Post-election turmoil in Afghanistan

Elections by themselves do not make democracies. Institutions and processes do. The grand loya jirga — a congregation of tribal elders and the closest thing the Afghan’s had to a constituent assembly — was told that presidential and parliamentary elections would be held in tandem. Yet due to a combination of apathy, impatience and the exigencies of the US presidential elections, this commitment was violated when against UN advice, the presidential election was scheduled very much ahead of the parliamentary one. As Rajan points out, this was not a very good idea at all.

What these polls have demonstrated (especially to the West) is that given half-a-chance, ordinary folk will brave bombs and bullets to exercise their vote. There is nothing surprising about burka-clad women queueing up outside polling stations, where they are allowed to do so.

The elections were a success, despite the claims of irregularities by the opposition warlords, sore-losers that they have proven to be. But it is too much to expect them to stand down Al Gore-style because the decision to hold the elections prematurely was the first stone cast against Afghan reconciliation. If the chief patron of the elections could turn on promises made to the loya jirga, the warlords can hardly be expected to be held to higher standards.

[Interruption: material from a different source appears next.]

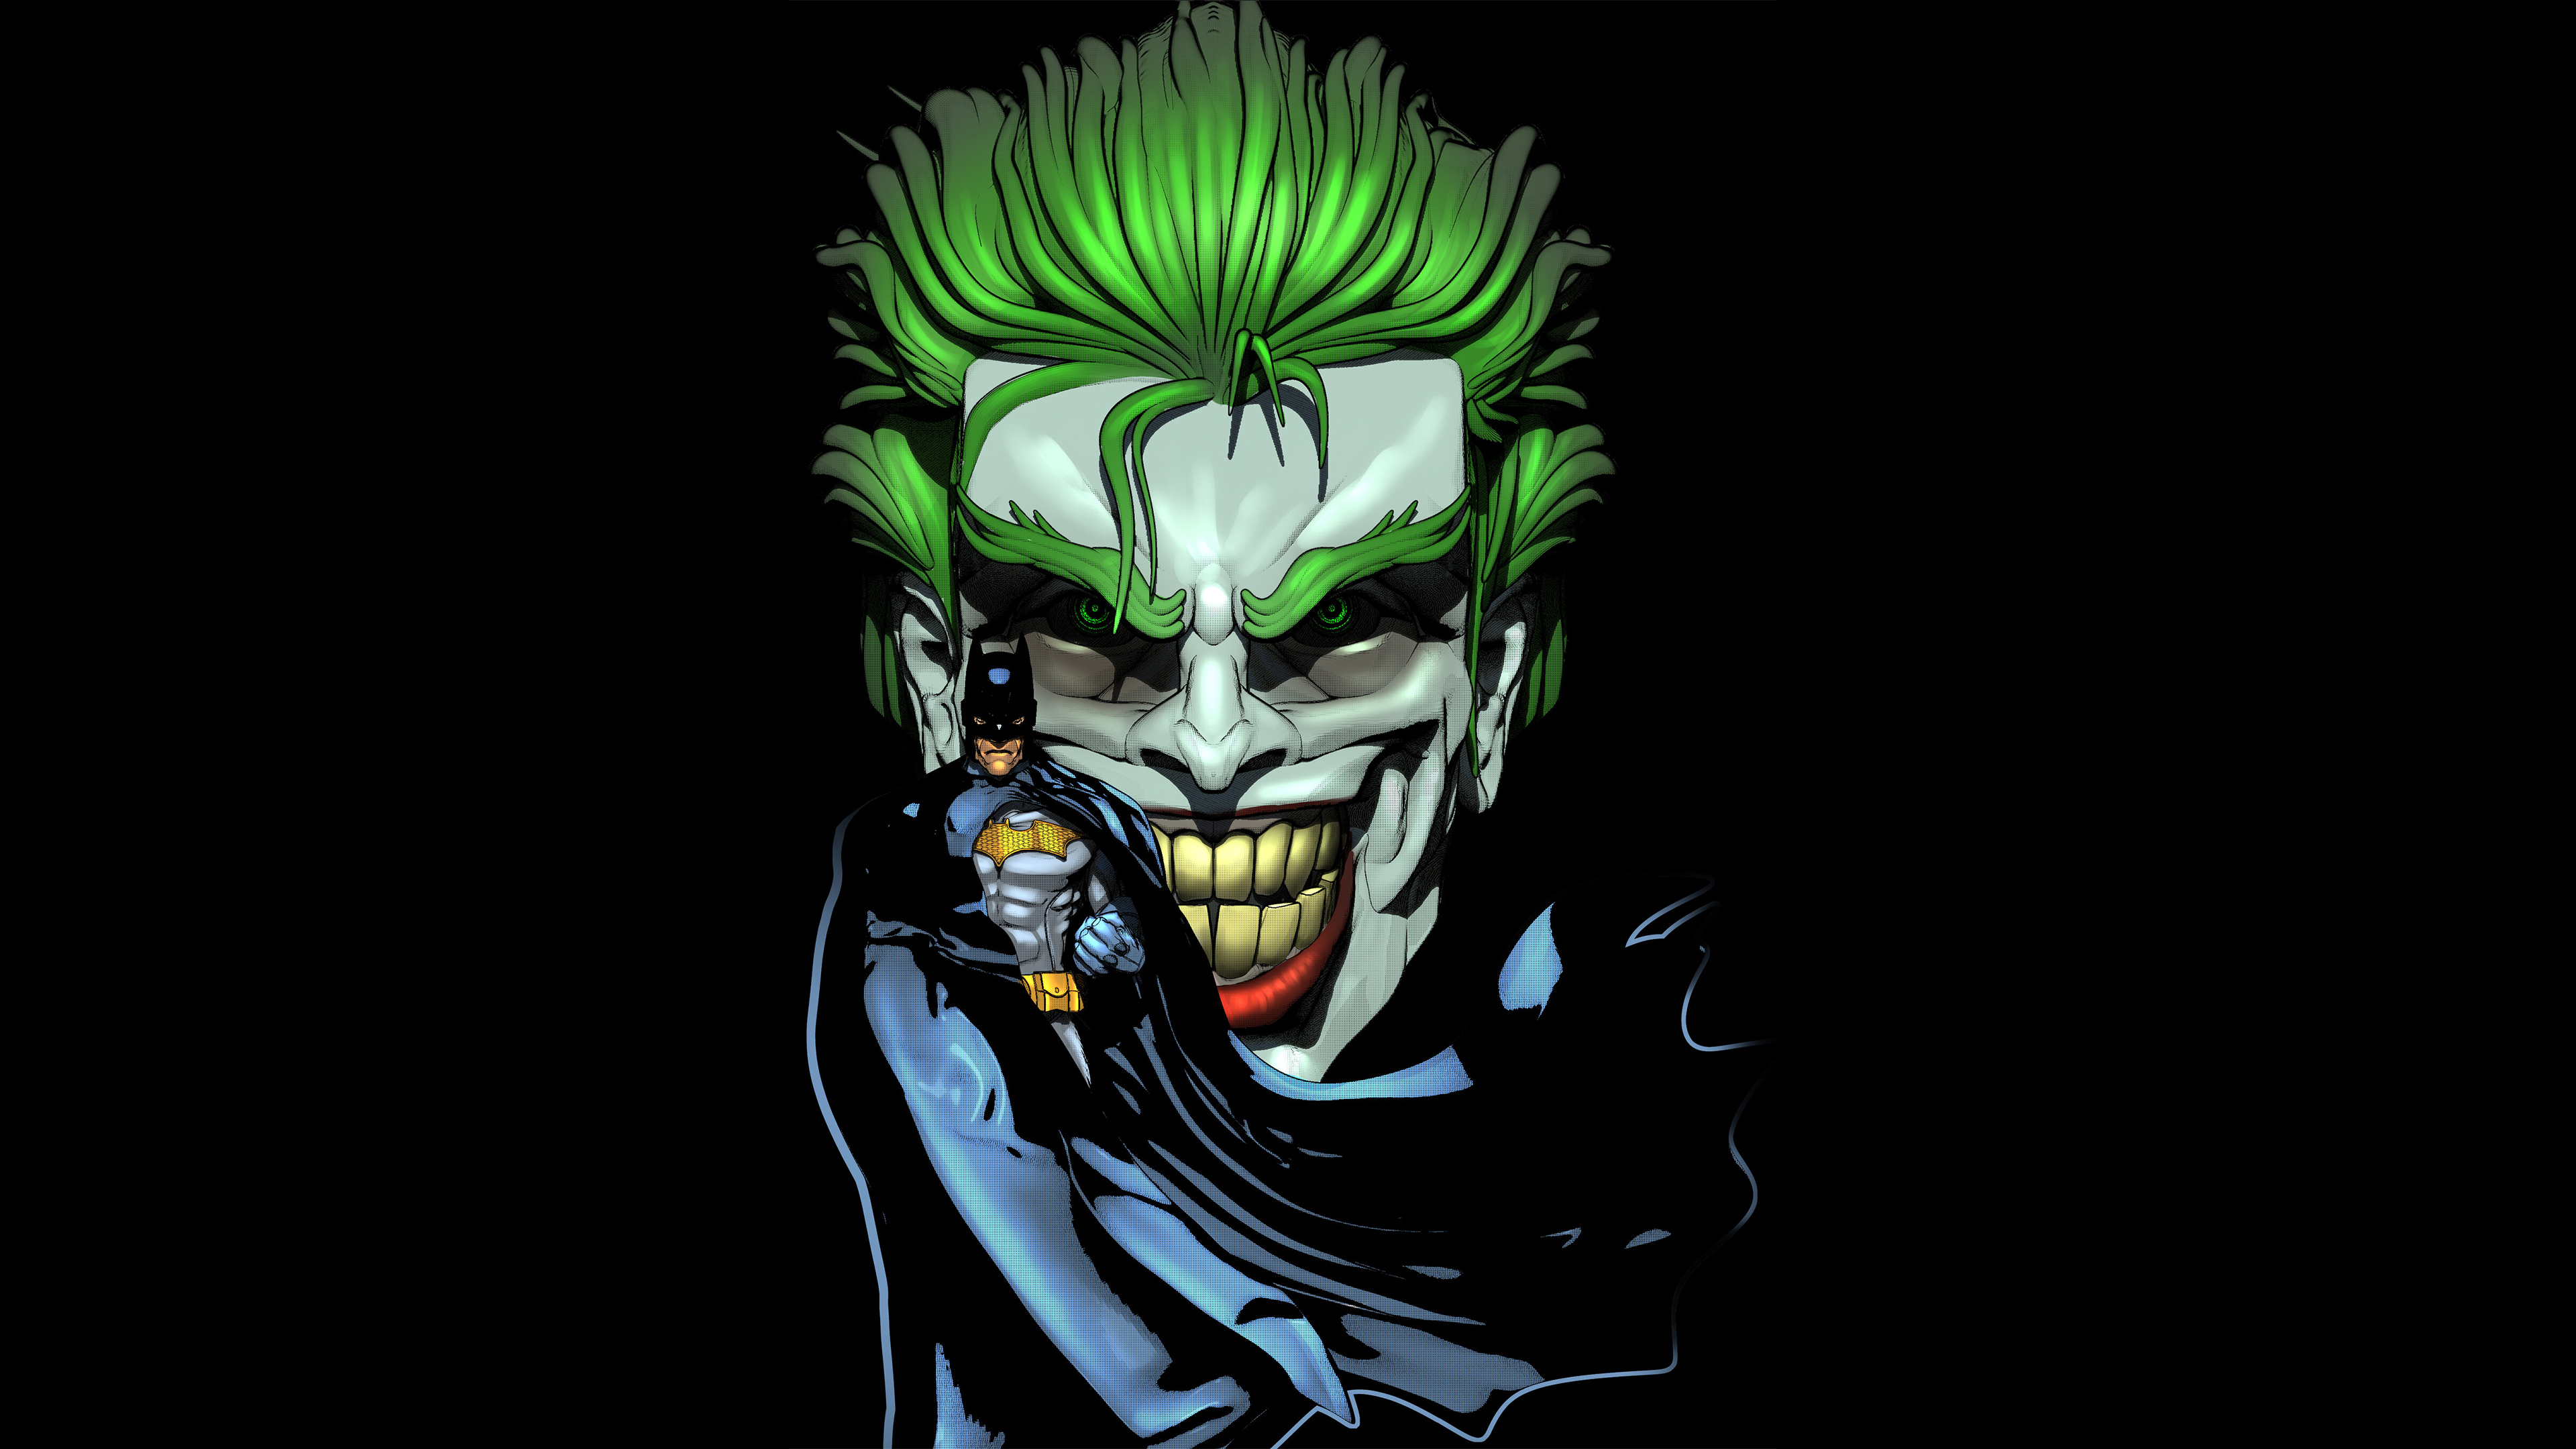 2560x1080 Joker And Batman Dc Comic 2560x1080 Resolution Wallpaper Hd Superheroes 4k Wallpapers Images Photos And Background Wallpapers Den

Hamid Karzai is likely to become the first democratically elected president of Afghanistan; but will be hamstrung by a huge discount of legitimacy. And if, as expected, he were to postpone the parliamentary elections scheduled for next year, that lack of complete legitimacy will be a millstone around his neck.

Correction: An earlier version of this post incorrectly read an Asia Pages readers’ opinion to be that of the Afghan people. Thanks to Rajan for pointing this out.

6 thoughts on “Kabul’s own dimpled chads”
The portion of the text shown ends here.